My daughter was not quite yet an adolescent when she taught me the importance of running with eyes wide open.
Not that she was fetishistically attentive to physical safety. On the contrary. Her nickname was Mimi Dreamie, earned from her habit of inhabiting imaginary spaces while running full tilt into very real trees and other large, hard, plainly visible objects.
She was, however, quick on her feet and I saw some potential for her to develop as a teenager into a promising sprinter or perhaps middle distance runner. I would encourage her to come for shorter runs with me to see if a love of running would take in her. She would gamely trot along, though it turned out she was a) doing it to humor me and b) far more interested in what she could uncover in her surroundings than in the amount of ground she could cover.
On a particular occasion in Calgary, we were running through the neighborhood of Elbow Park and I was cajoling her to try to keep an even pace when I realized she had stopped in her tracks at a street corner half a block behind me. When I got back to her, she was standing, staring up into the sky, pointing a finger upward.
"Look," she said as I approached, "a goose on a roof."
I looked up and there stood perhaps the largest Canada Goose I've ever seen, poised on a roof as if posing to be photographed for its debut appearance on a postage stamp. We stood for several minutes, dad and daughter on a Calgary street corner, admiring this great, huge, startling, lump of iconic bird. Our conversation, when we began to run again, became a stream-of-consciousness Dr. Seuss playbook on the possibilities of the words goose and roof.

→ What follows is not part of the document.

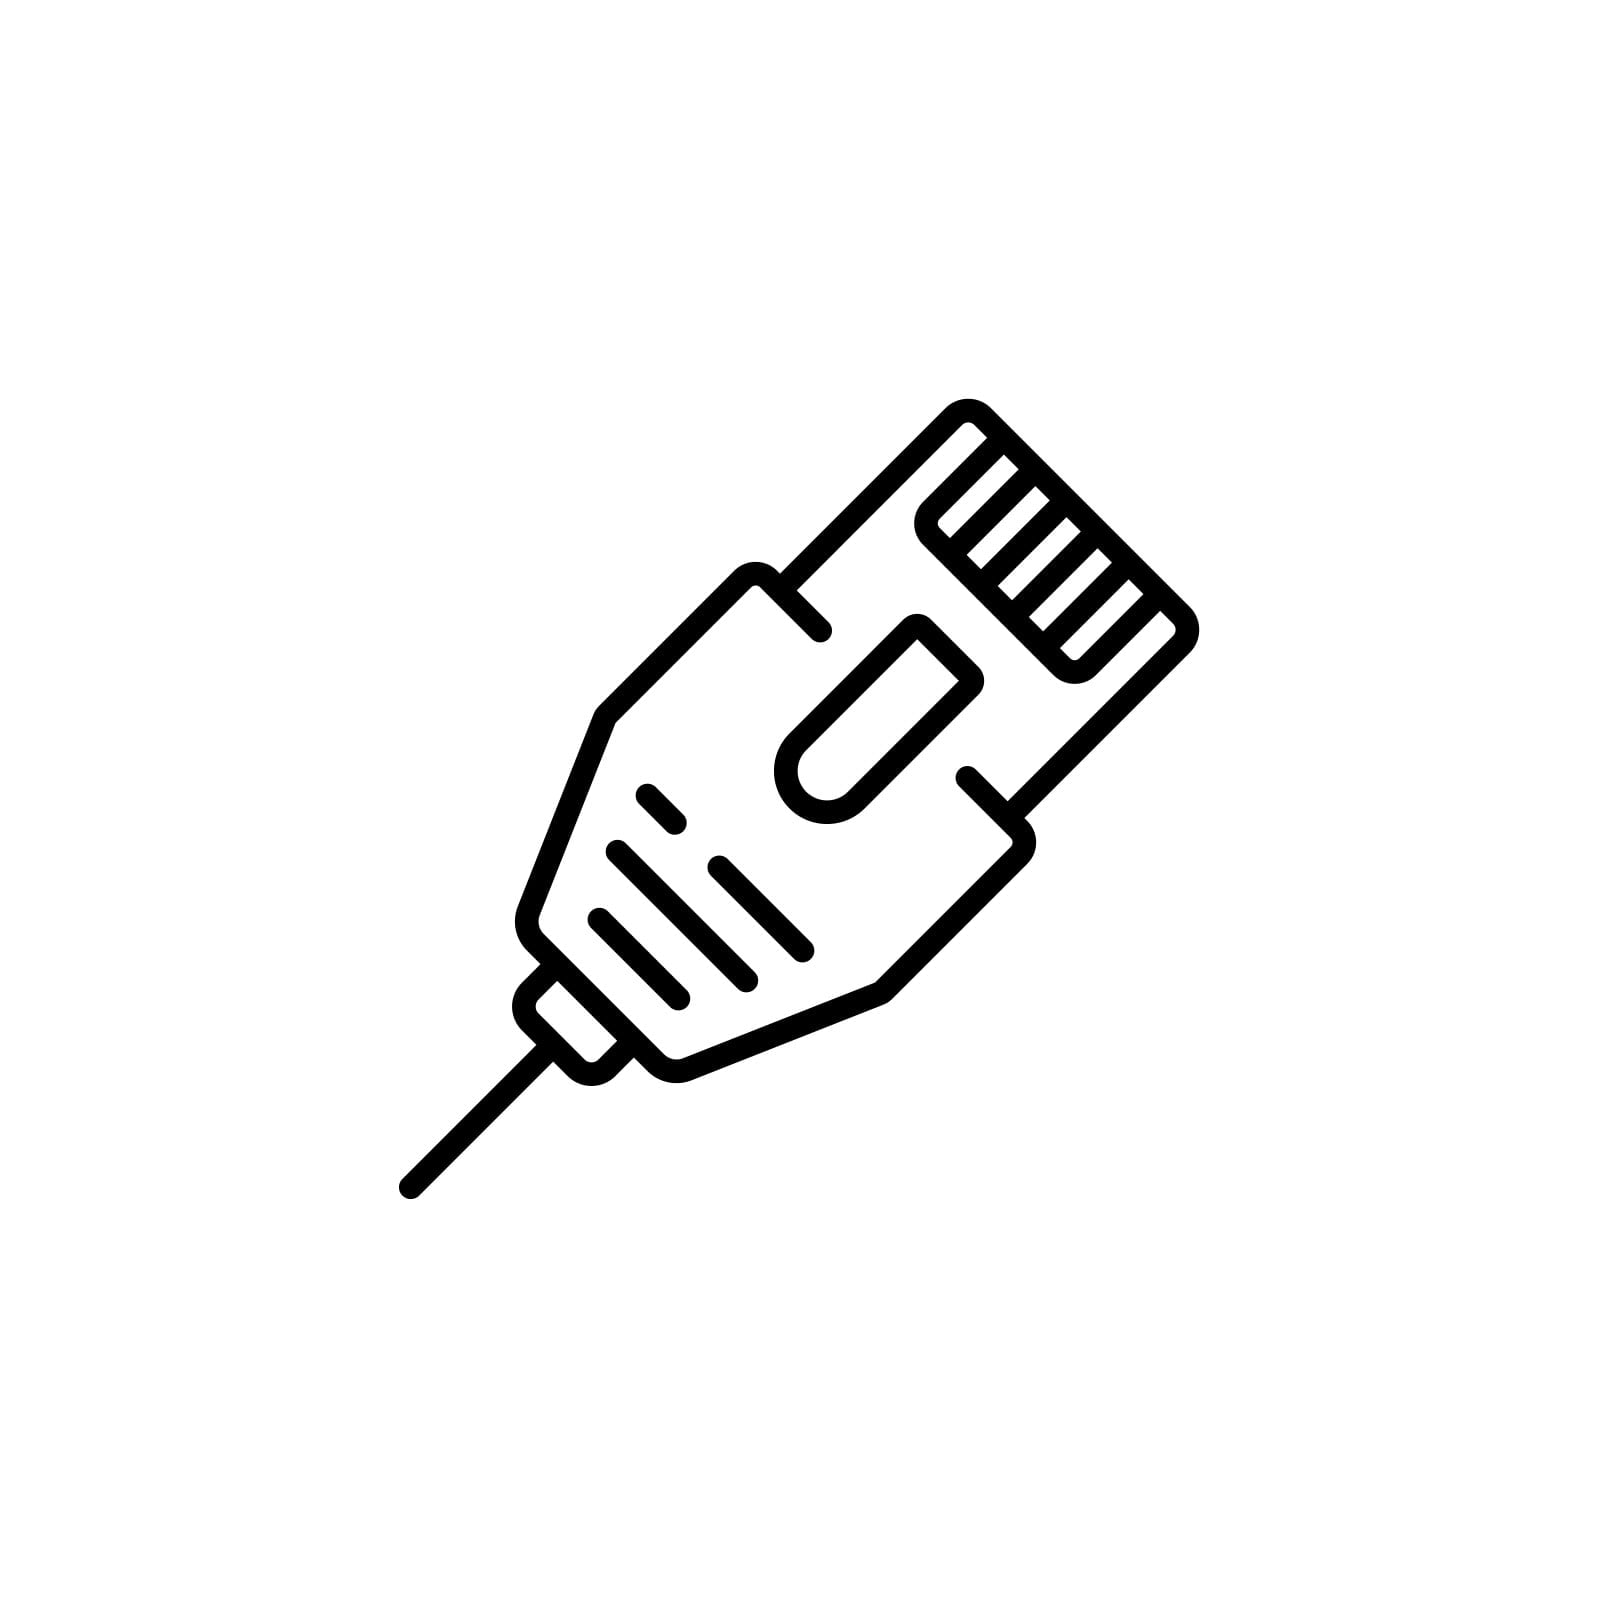 Aufpreis 10Gb Ethernet für Mac mini

My daughter is long past her teenage years now, yet that encounter endures as one of those small moments that are utterly meaningless except for the fact that they are noticed and so will never be forgotten. Indeed, they can never be forgotten precisely because of the way the noticing teaches us to see again and again.
I don't know how many thousands of miles I have run since then, but a potential goose on the roof is—figuratively anyway—always somewhere in my peripheral vision. Running is, of course, seen as many things: competitive, demanding, healthy exercise, psychologically soothing, blah-blah-blue. But a primary thing missed by people who hate running, or would like to love it but can't quite get started, is how seamlessly it brings together a felt sense of physical presence in the world with the pure joy of seeing God's light shaping His creation. It really does pay to run with your eyes wide open. It pays not just in the moment but in memory.
Last weekend, the day before running the Vancouver half marathon, I went for an easy morning jog in the city's West End, marveling at what an elegant neighborhood it has evolved into over the past few decades—or more properly returned to become again what it once was.
More than 65 years ago my grandfather, a Norwegian blacksmith, used his careful savings to buy a family house on one the streets I ran along. When I was not quite yet an adolescent, the house and dozens like it were demolished to make way for the execrable architectural pustules that were Vancouver's first true high rise apartment buildings. The destruction turned the area into all-but a transient slum, complete with houndstooth hookers all along Davie Street and some of the side streets.
Running through the area, genuinely renewed rather than boutiquishly re-fabricated, I had to admit I liked what I saw. If it will never be a family neighborhood again—property prices driven by proximity to English Bay and Stanley Park makes that impossible—the new(ish) buildings show at least a strong reflection of the old elegance. There is a sense that those who built them cared about the fact they would face onto streets that will be walked or, better yet, run along.
At one point in my jog, a sea gull hung briefly suspended above me in the light breeze and glorious West Coat early light, before squealing off to haggle over fish in False Creek. Not a goose on a roof, exactly, but worth keeping an eye out for.